They stayed on the first floor, but wound up in a small back sitting room with tall, arched windows where the rain pattered steadily. There was a low couch, not too ruined from the damp yet, and Lance laid her down on it like she was a swooning princess.
She sat up the moment he stepped back, and got a stern finger shoved in her face.
“Donotget up.”
She offered him her most mulish look, still quailing inside at the sight of his fury. “I’m not an invalid. I only blacked out for a second.”
“He almost snapped your neck!” he roared.
The shout echoed off the walls, the floor; boomed back from the high, moldy ceilings.
Mrs. Avery muttered a quiet curse and slipped out, closing the door on them.
Lance bared his teeth in a silent snarl, and then started pacing. Pushing his hands roughly through his hair, tugging at it where it was longer on top.
Rose took a breath.
“No, shut up,” he snapped, and continued to pace. “You don’t – You can’t–” He halted, and stood a moment, hands linked together over the top of his head, chest heaving as he fought to catch his breath. Not from exertion, but from emotion. From anger. He was so furious with her…
But then he turned his head, and their gazes locked, and it wasn’t fury she saw burning in his dark eyes. Not anymore.
The weight of his helplessness, his worry, his desperation pressed her back against the sofa back. Her head hit the wooden border with a dull thump, and she winced.

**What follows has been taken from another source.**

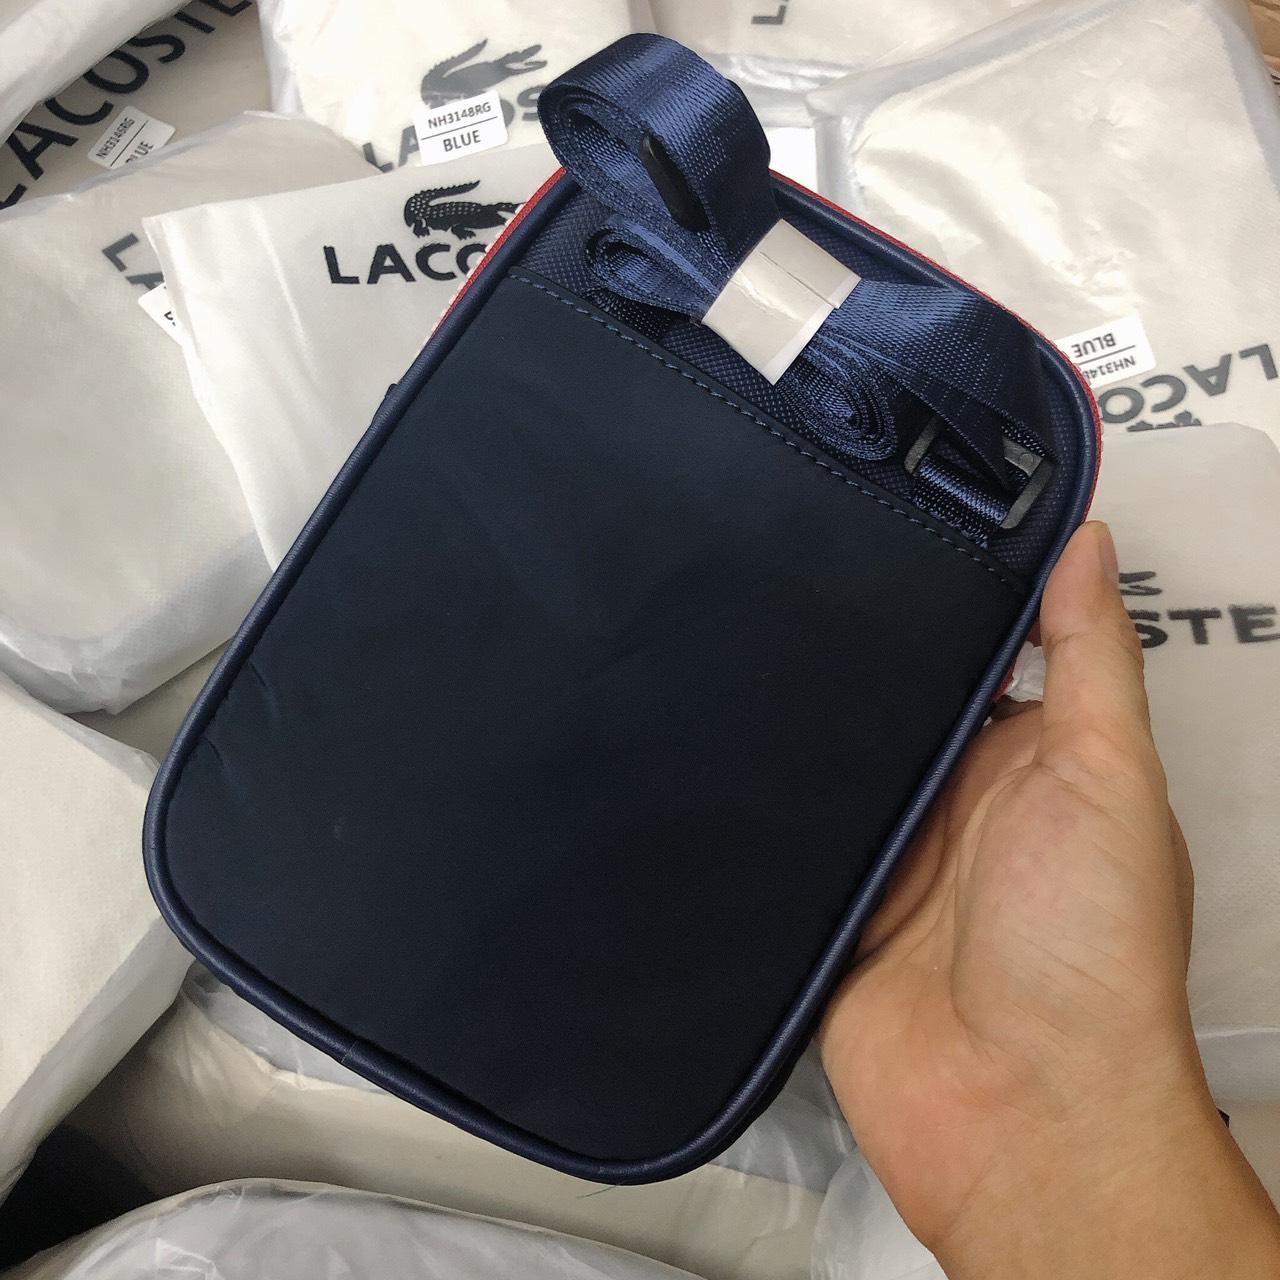 Túi Lacoste đeo chéo bầu trơn - XK821

His hands fell to his sides, and he took a step forward, close enough to touch her if he wanted to – but he held still, breathing, staring at her with a baffling degree of anguish. It stirred something warm and mostly-dormant in her belly, rekindled that sharp spear of want she’d felt earlier, when they were dressing, before they left.
She could resist general kindness, and a big-brotherly sort of attention. But true caring – the kind he’d been showing all along, more and more, less carefully…that she couldn’t fight. That was a black hole she wanted to fling herself into, if only to forget for a little while.
He took a deep breath, and his jaw firmed. He seemed to settle; she saw his raw expression begin to close off. “I’ve known the whole time that you have a death wish. I’ve watched you do really stupid, dangerous things – take risks none of the rest of us would. You’re good, I’ll give you that. You might be better than all of us. But tonight was the last fucking time you move without orders.”
Her whole body felt like a bruise, sensitive, her pulse throbbing through every inch.
“Is that understood?” he asked – demanded.
She swallowed. “Yes. Sir.”
He nodded, not pleased, far from satisfied, but glad of her acquiescence. He cleared his throat, and his voice came out too gruff. “Let’s look at the damage.” He pointed to his own throat. “Take that off.”
She complied without argument, unable to hide a wince as even the process of undoing the buckle tugged at her bruised neck.
He swayed a half-step closer – and then knelt down at her feet when she pulled the choker away. His eyes went to the damage, and she could only guess, based on his gaze, how bad it must already look.
“How is it?” she asked.
He wet his lips, and cleared his throat again. “There’s blood.”
“It’s his.”
“Still. It needs cleaning up. Stay here.” He stood, and looked down at her sternly. “I mean it.”
“I’ll stay.”
He lingered at the door a moment, before he finally went, and was back right away with a bowl of steaming water, and a towel.
“No showers in this dump?” she tried to tease. It would have been easier and less – intimate – than having him wash her neck.
That was what he seemed intent on doing, though, as he knelt again, easing her knees apart with a quick, non-suggestive touch of one hand so he could move in closer. He set the bowl on the sofa at her hip, and dampened the towel; wrung it out; lifted it toward her neck.
Just before the warm, damp cloth touched her skin, he reached to steady her head. He took her jaw delicately between thumb and fingertips.